Appears to be _Vieja bifasciatus_, best guess.


----------



## bernie comeau (Feb 19, 2007)

Chromedome52 said:


> Appears to be _Vieja bifasciatus_, best guess.


I would agree. Has most similarity to V. bifaciatus because of the large black blotch in the middle of the body. But with Vieja/Paratheraps it is very difficult to distinguish and determine whether or not fishes are crosses because individuals are highly varibale and the differnt species are very similar. The red on the fins and and the red breast would seem to suggest Black belt ancestory but who knows for sure.

The color on the face, as well, is quite typical of what is fairly common for many black belts.


----------



## awilson0001 (Sep 2, 2010)

he doesnt show them much, but he has three vertical black blotch/stripes down the middle back area on both sides.

is this type of fish related to flowerhorn? when i try those names online i sometimes see flowerhorn tied in with it. can you tell me about this fish's typical attitude?
can it be housed with other fish? with my midas or no? smaller cichlids or no?

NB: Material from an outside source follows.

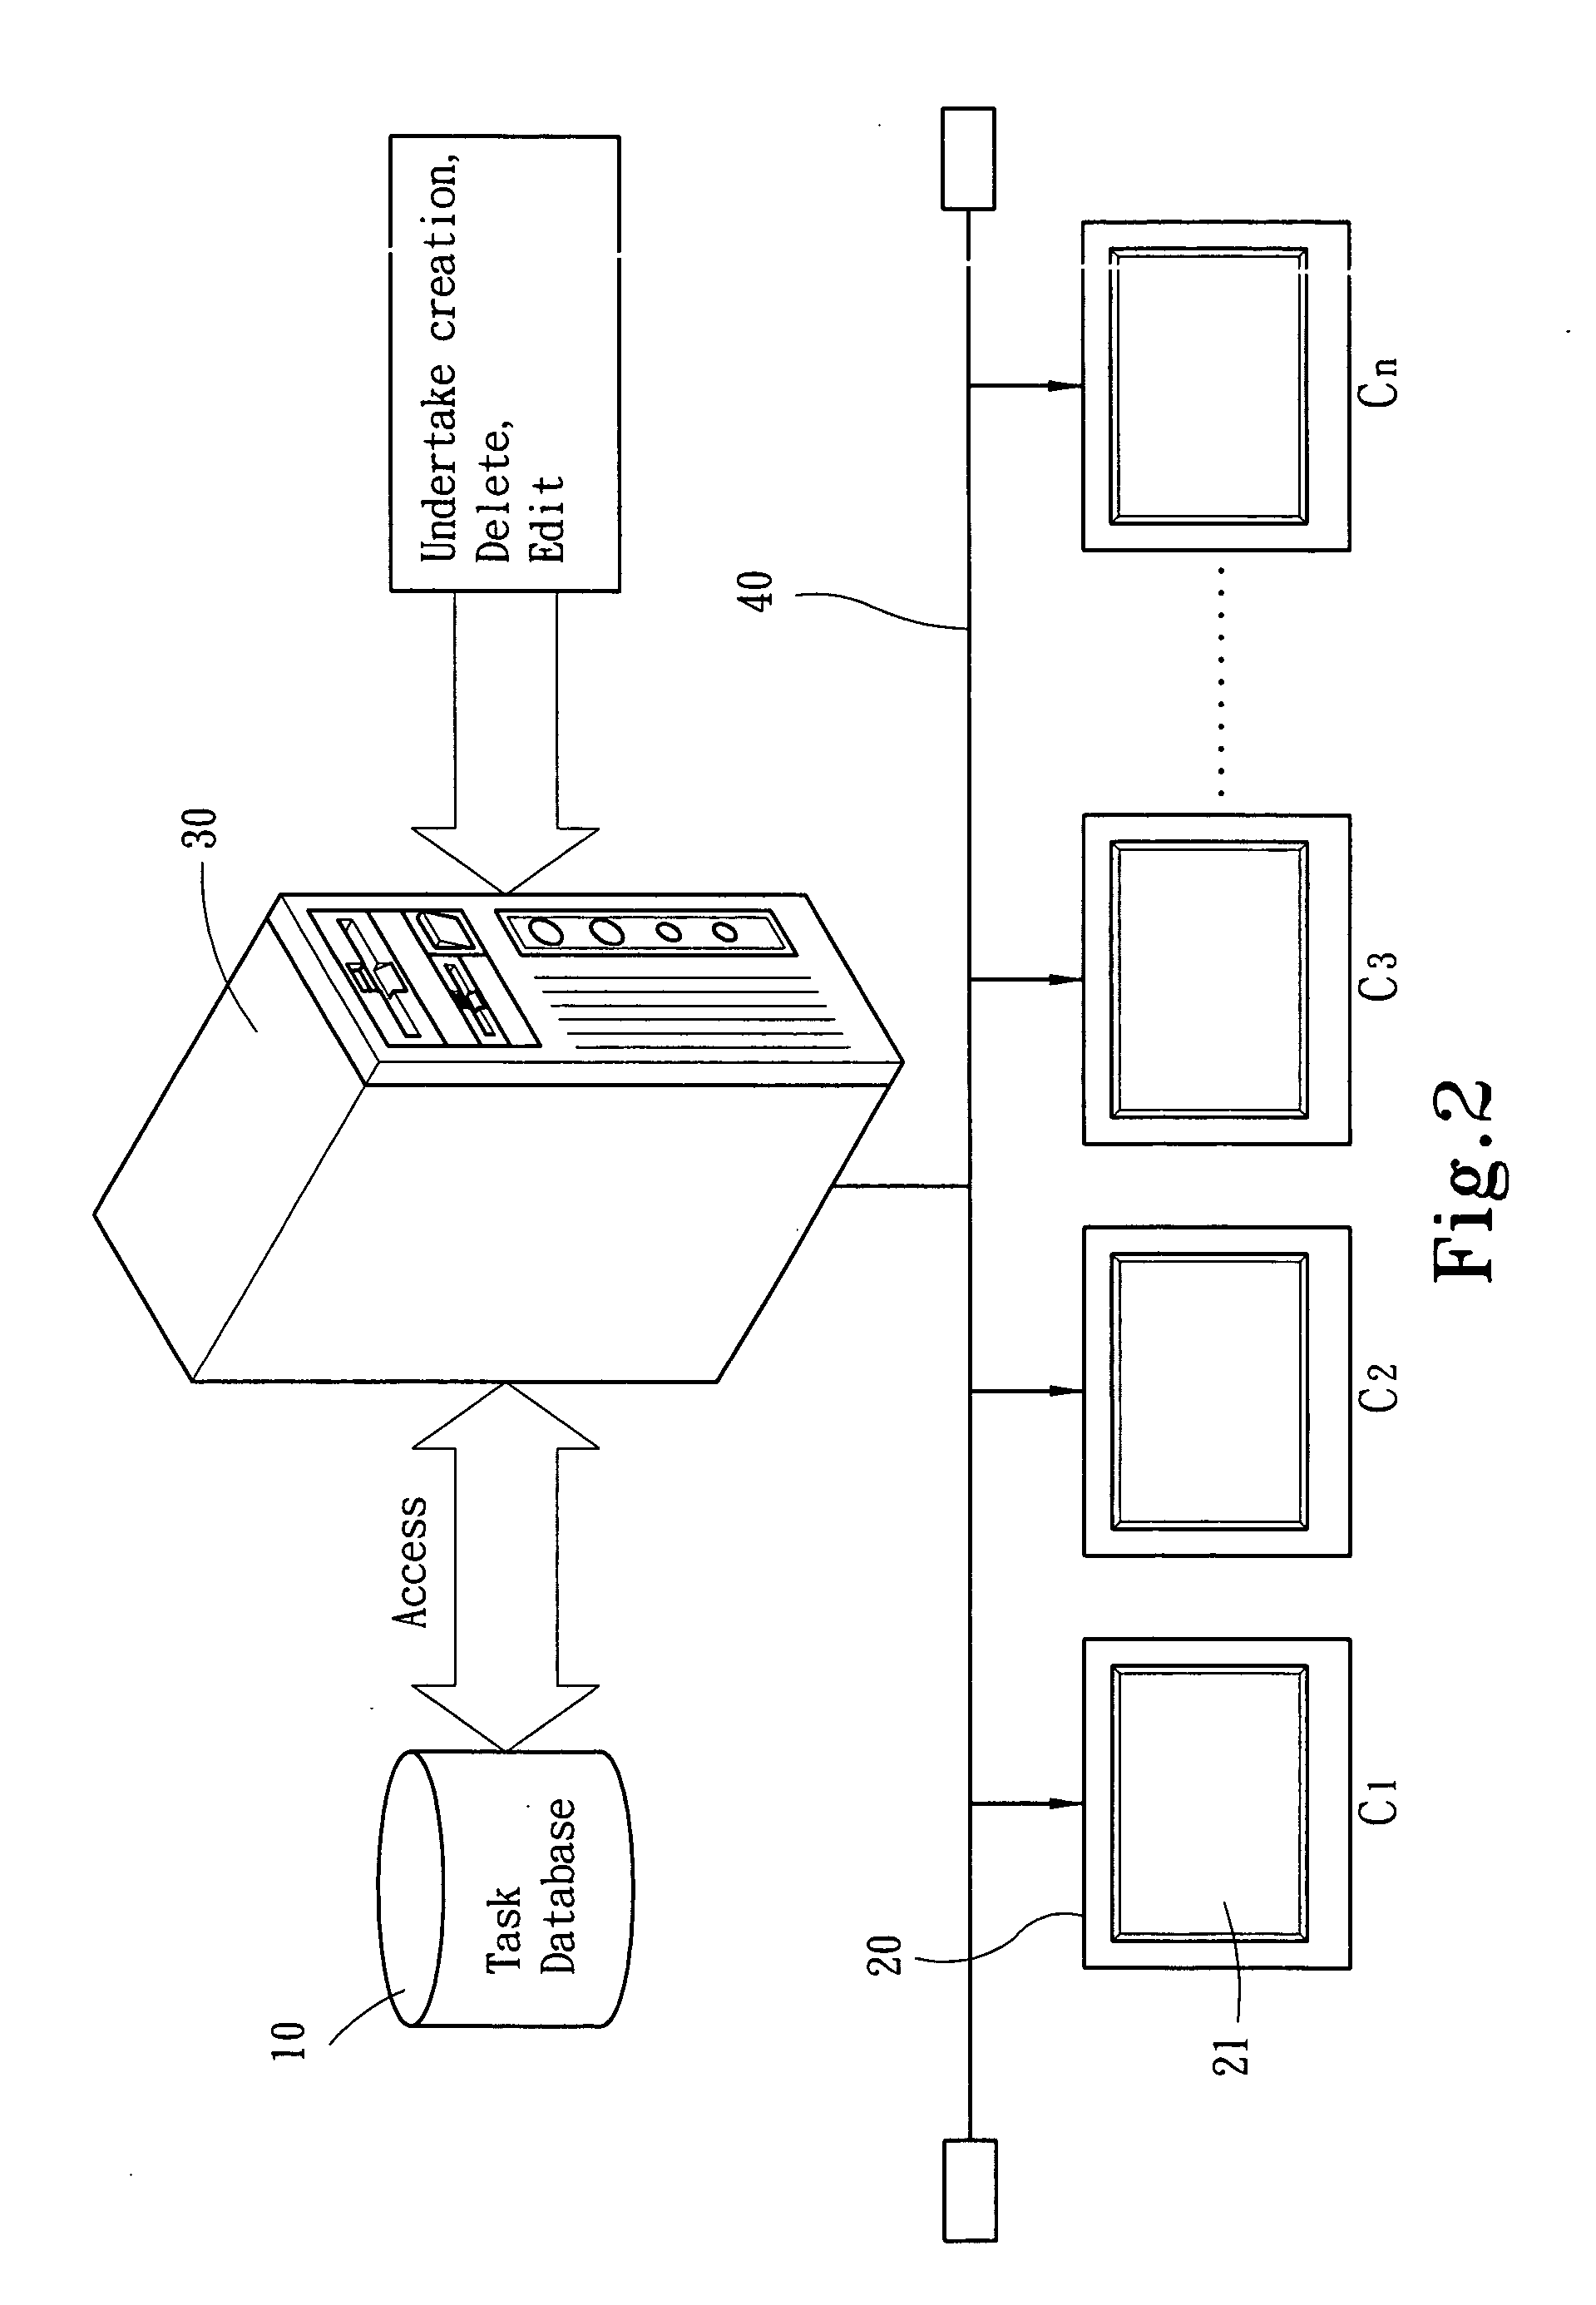 Support system for standard operation procedure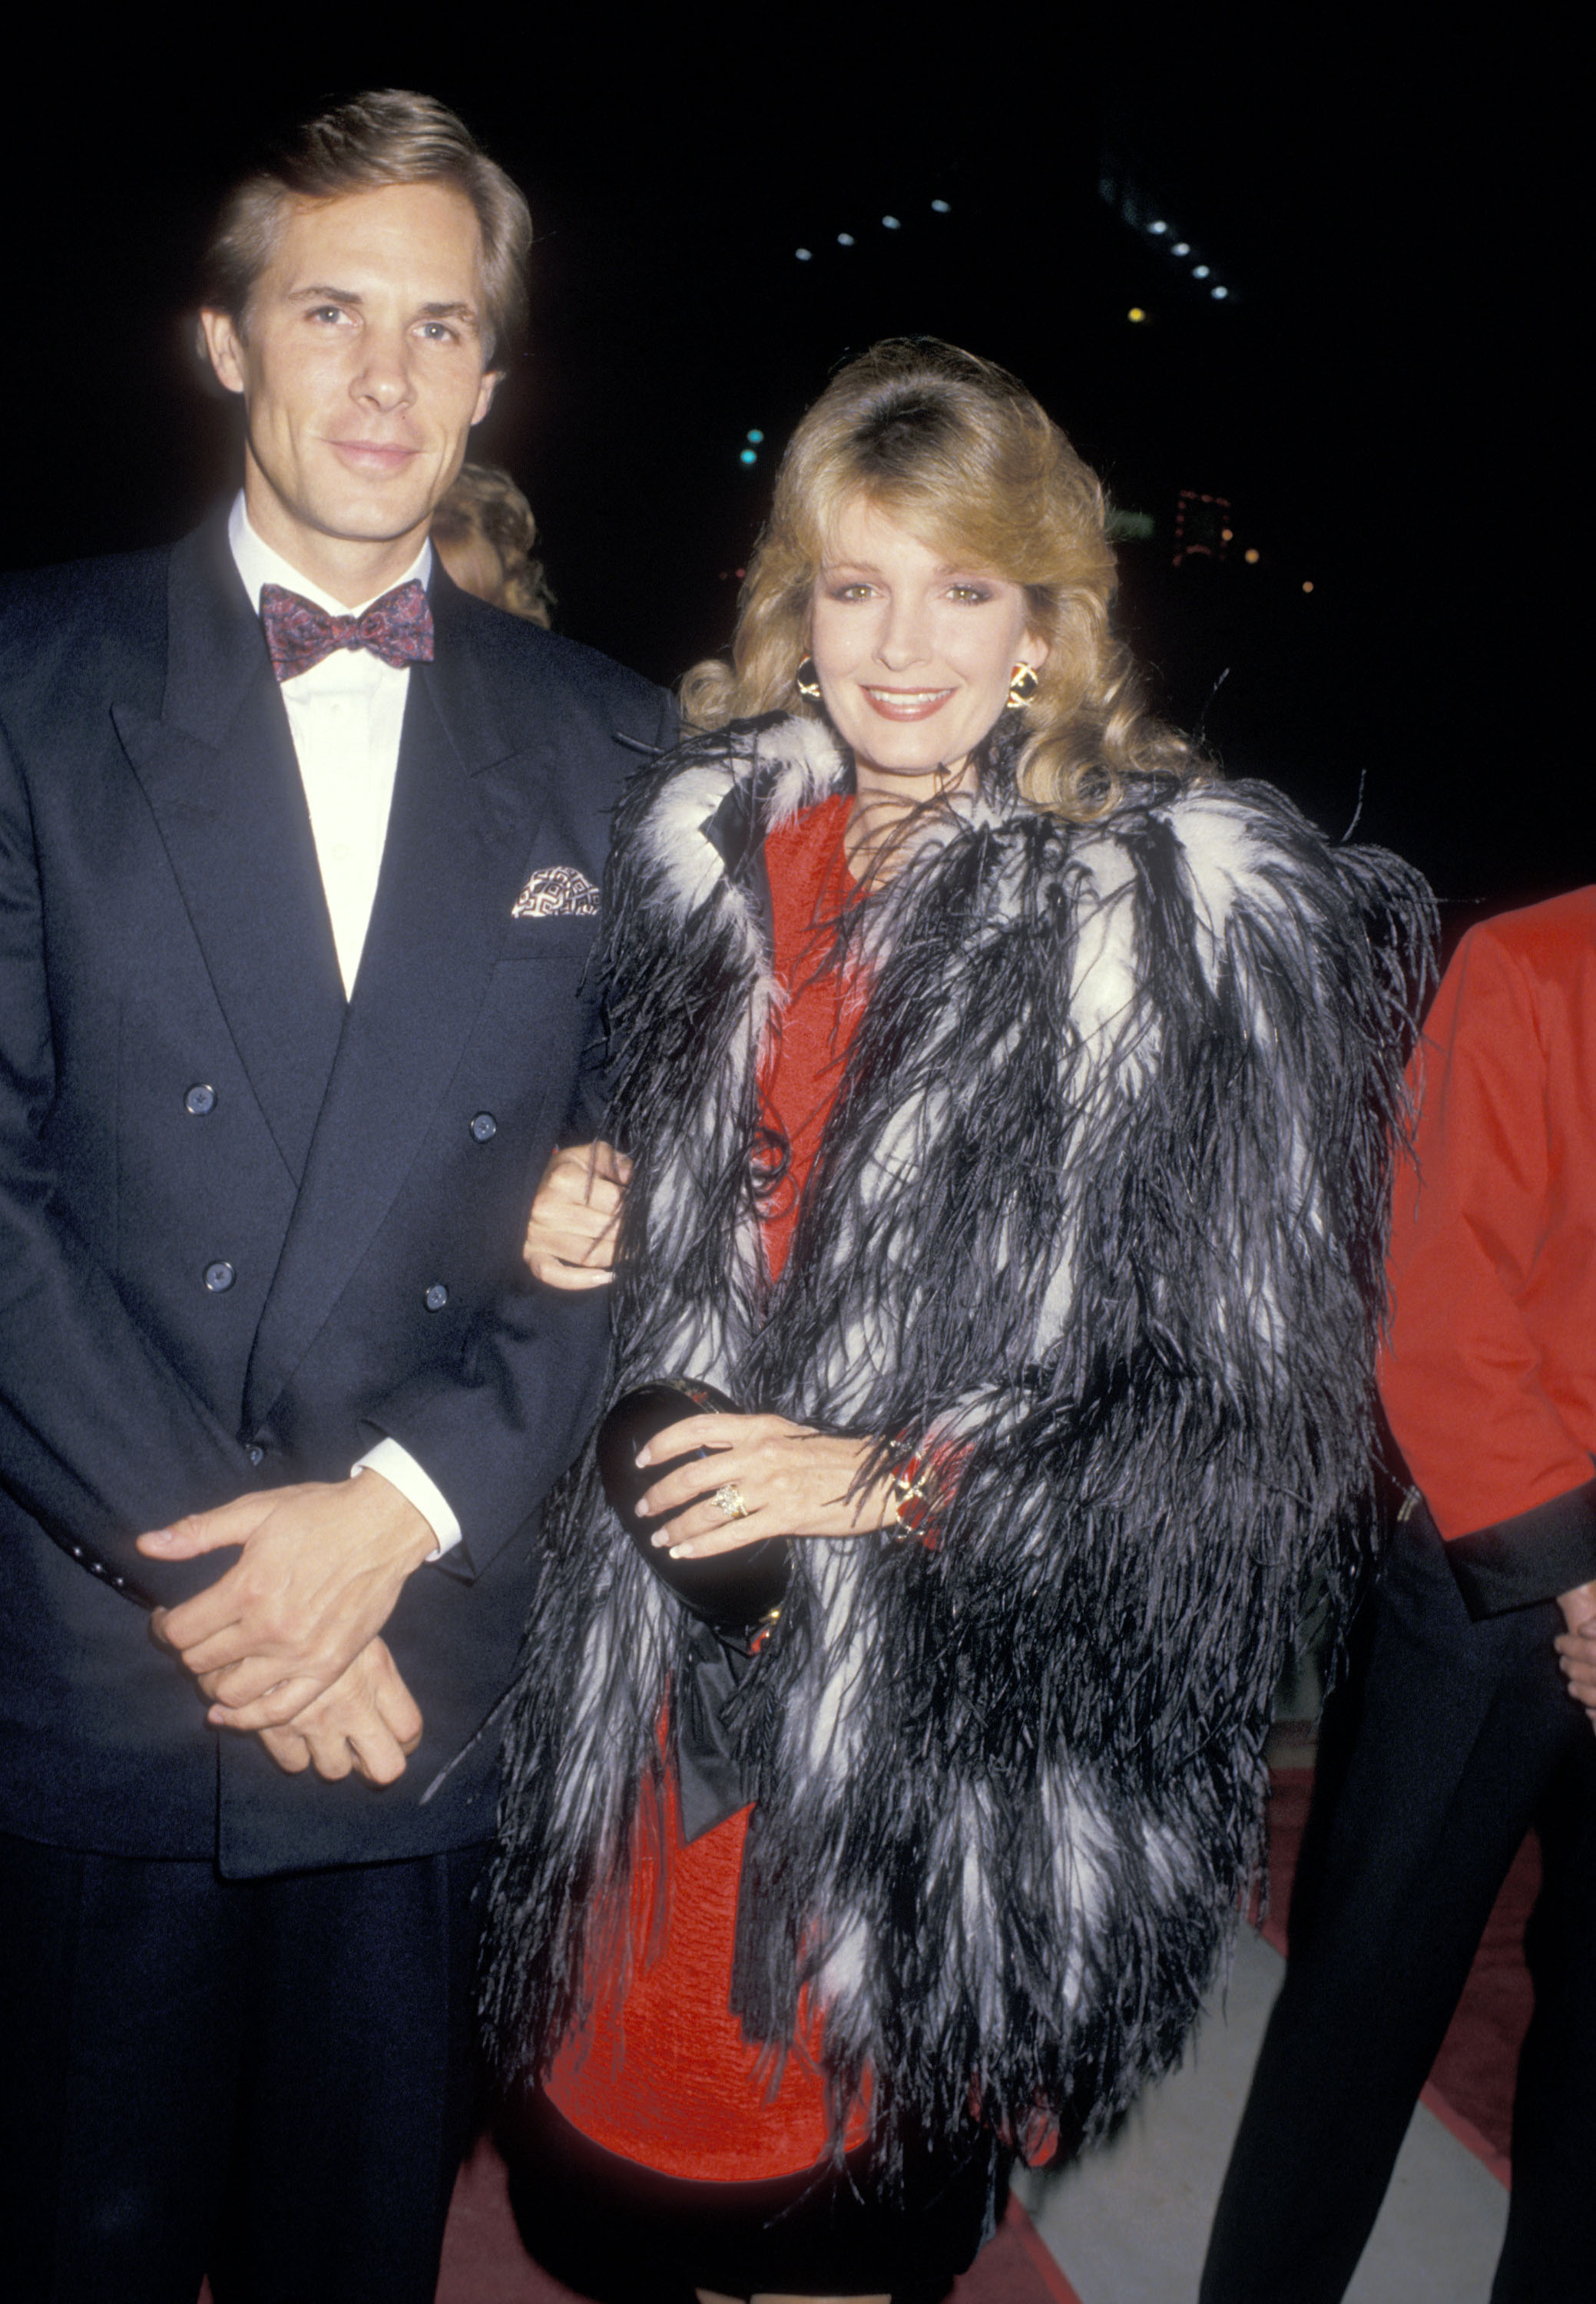 Deidre Hall and Michael Dubelko on November 18, 1987, in Century City, California. | Source: Getty Images

or direct me to a good site maybe?


----------



## bernie comeau (Feb 19, 2007)

awilson0001 said:


> is this type of fish related to flowerhorn? when i try those names online i sometimes see flowerhorn tied in with it. can you tell me about this fish's typical attitude?
> can it be housed with other fish? with my midas or no? smaller cichlids or no?


Flowerhorn is a term for various crossbred CA cichlid breeds. Some do pocess Veija/Paratheraps ancestory, though most strains seem to show greatest similarity to the Trimac cichlid ("exCichlasoma" trimaculatus) and/or Amphilophus species (RD/Midas).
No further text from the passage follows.